3. В числе определенное количество положено в своей полной определенности; а как интенсивное определенное количество (которое представляет собою для-себя-бытие числа) определенное количество положено таким, каково оно согласно своему понятию или в себе. А именно, та форма соотношения с собою, которую оно имеет в градусе, есть вместе с тем его внебытие относительно себя.
Число как экстенсивное определенное количество есть нумерическая множественность и имеет таким образом внешность внутри себя; эта последняя, как многое вообще, сжимается в неразличимость и снимает себя в том обстоятельстве, что число есть одно (in dem Eins der Zahl), в соотношении числа с самим собою. Но определенное количество имеет свою определенность в виде численности; оно, как было указано выше, содержит ее в себе, хотя она уже больше не положена в ном. Таким образом, градус, который, как простой внутри самого себя, уже больше не имеет этого внешнего инобытия внутри себя, имеет его вне себя и соотносится с ним как со своей определенностью.
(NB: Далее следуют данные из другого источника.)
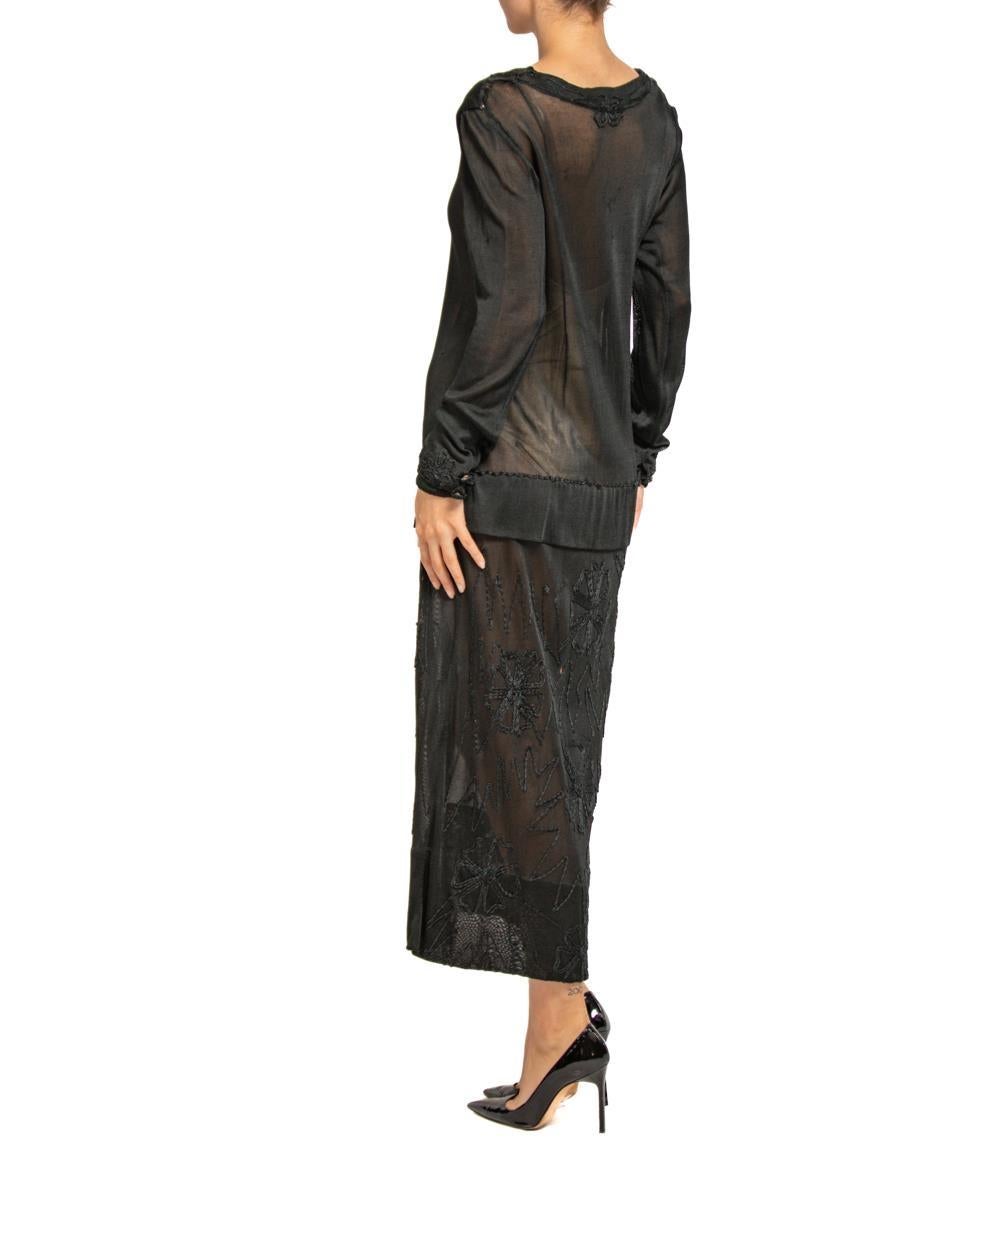 Women's 1920S Black Sheer Silk Jersey Dress With Floral Embroidery For Sale

Внешняя ему множественность составляет определенность той простой границы, которой он сам по себе является. Что численность, которая в экстенсивном определенном количестве должна была находиться внутри числа, сняла себя в градусе, это определяется, следовательно, далее, так, что она положена вне его. Поскольку число положено как одно, как рефлектированное в себя соотношение с собою самим, оно исключает из себя безразличие и внешний характер численности и есть соотношение с собою как соотношение посредством самого себя с некиим внешним.
В этом определенное количество получает соответственную своему понятию реальность. Безразличие определенности составляет его качество, т. е. определенность, которая в самой себе дана как внешняя себе определенность. – Согласно этому градус есть простая определенность величины среди некоторого множества таких интенсивностей, которые суть разные и каждая из которых есть лишь простое соотношение с самим собою, но которые вместе с тем находятся в существенном взаимосоотношении с другими, так что каждая имеет свою определенность в этой непрерывности с другими. Это соотношение градусов посредством самих себя со своим другим делает поднятие и опускание по шкале градусов непрерывным поступательные движением, течением, представляющим собою непрерывающееся, неделимое изменение. Каждое из многих, различаемых в этом процессе, не отделено от других, а имеет свою определенность только в них. Как соотносящееся с собою определение величины каждый из градусов безразличен к другим; но он в такой же мере и соотнесен в себе с этой внешностью, он есть то, что он есть, только посредством нее; его соотношение с собою есть одновременно небезразличное соотношение с внешним, имеет в этом последнем соотношении свое качество.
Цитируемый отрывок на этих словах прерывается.